Hier durant la nuit (le 7/11), nous étions dans le campement à côté de l’hôpital. J’ai entendu des tirs d’arme à feu, nous avons eu très peur. Une bande de Somaliens et de Libyens sont venus sur le campement, ils étaient armés et ivres. Ils ont approché mon enfant âgé de 14 ans en lui demandant d’aller avec eux, mais je me suis interposée pour le défendre. Ensuite, un homme a été enlevé de force, dénudé et passé à tabac devant tout le campement. Des tirs ont suivi visant les tentes mais aussi tirés dans l’air.

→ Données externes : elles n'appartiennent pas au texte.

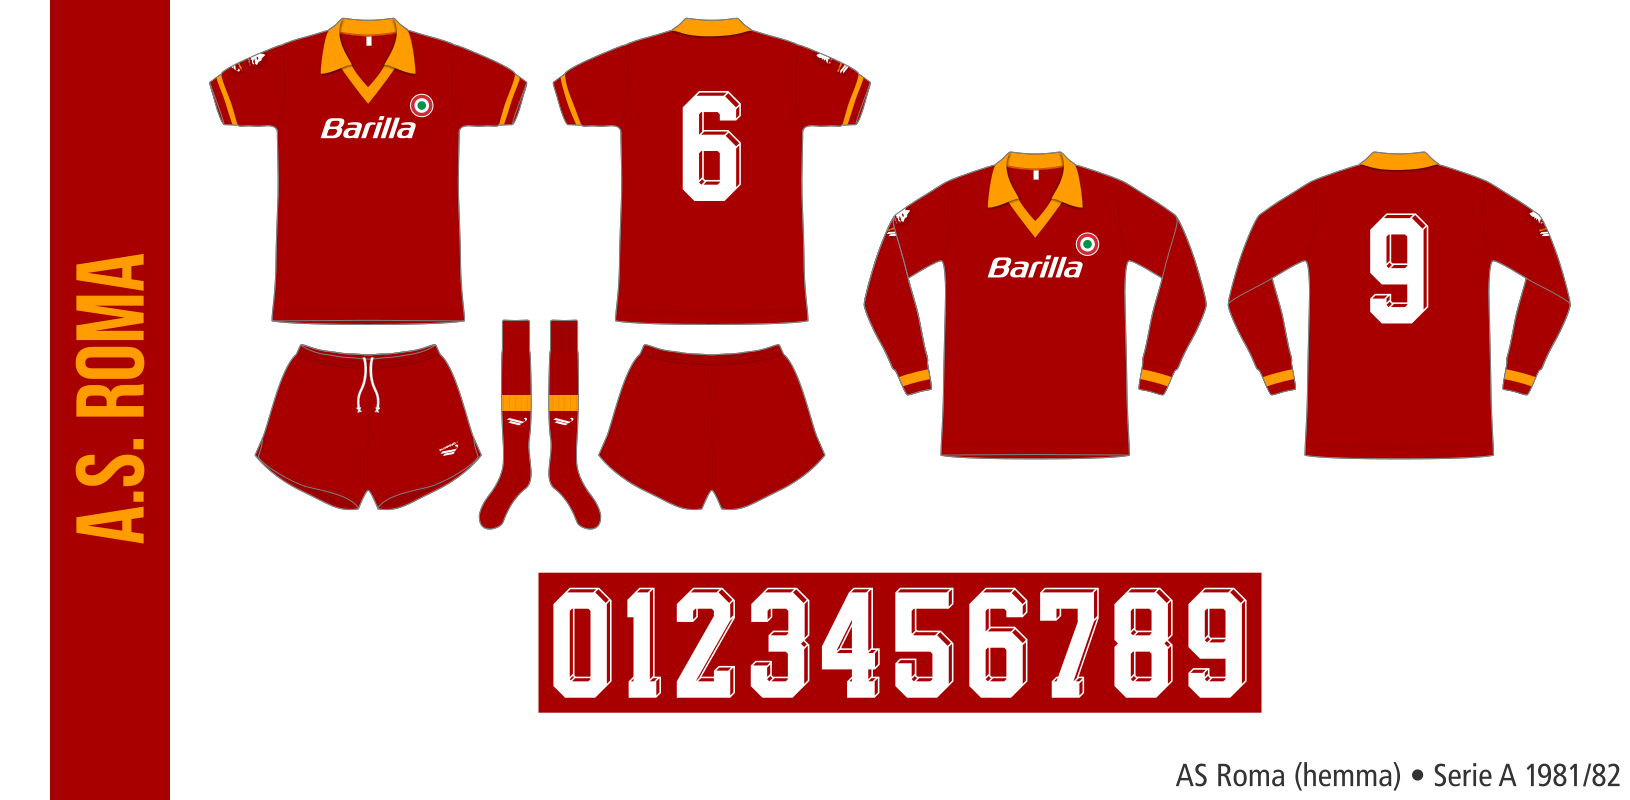 AS Roma 1981/82 (hemma)

C’était un enfer, nous ne nous sentons pas en sécurité ici. Je me demande pourquoi la police n’est pas intervenue. Si cela s’était passé en Allemagne, les forces de l’ordre seraient intervenues. »
« Mes amis sont morts sous mes yeux et je n’ai rien pu faire pour les sauver. Nous nous noyons tous en même temps »
Imran*, 17 ans, Koweït
« Je suis à Calais car j’aimerais me rendre en Grande-Bretagne, car j’étais persécuté dans mon pays d’origine. Le Koweït ne nous reconnaît pas en tant que citoyens, nous n’avons pas de nationalité et sommes persécutés lorsque nous sommes sur le territoire. Nous venons en France en attendant de partir vers l’Angleterre.
Je suis à Calais depuis un mois et demi. J’ai tenté de traverser au moins 20 fois et la plupart de mes tentatives ont échoué à cause de la police. Lors d’une tentative de traversée, j’ai failli me noyer. Avant notre départ, la police a essayé de nous en empêcher, ils sont intervenus de manière très violente, en nous frappant avec des matraques.
Lors de la dernière tentative à Boulogne-sur-Mer, nous étions un groupe de 70 personnes. Il y avait aussi des familles. Nous étions tous issus de différents pays. Nous sommes rentrés dans l’eau, mais la police a essayé de nous en empêcher. Je n’avais pas de gilet de sauvetage sur moi, j’ai fini par me noyer et m’évanouir. Je me suis retrouvé à l’hôpital où on m’a dit que j’ai été dans le coma pendant huit jours.
Je suis désespéré. J'ai presque atteint la mort. Dans cet accident, je considère que j’étais mort. Mes amis sont morts sous mes yeux et je n’ai rien pu faire pour les sauver. Nous nous noyons tous en même temps et je ne pouvais rien faire.
Quand je pense à cet accident, je me souviens de l’horreur et de la peur que j'ai vécue. Je veux aller en Angleterre quoi qu’il arrive. Là-bas, nous pourrons vivre et avoir des droits. En Europe [dans l’Union européenne, ndr.], nous n'avons aucun droit. »
*Les prénoms ont été changés pour préserver l’identité des témoins.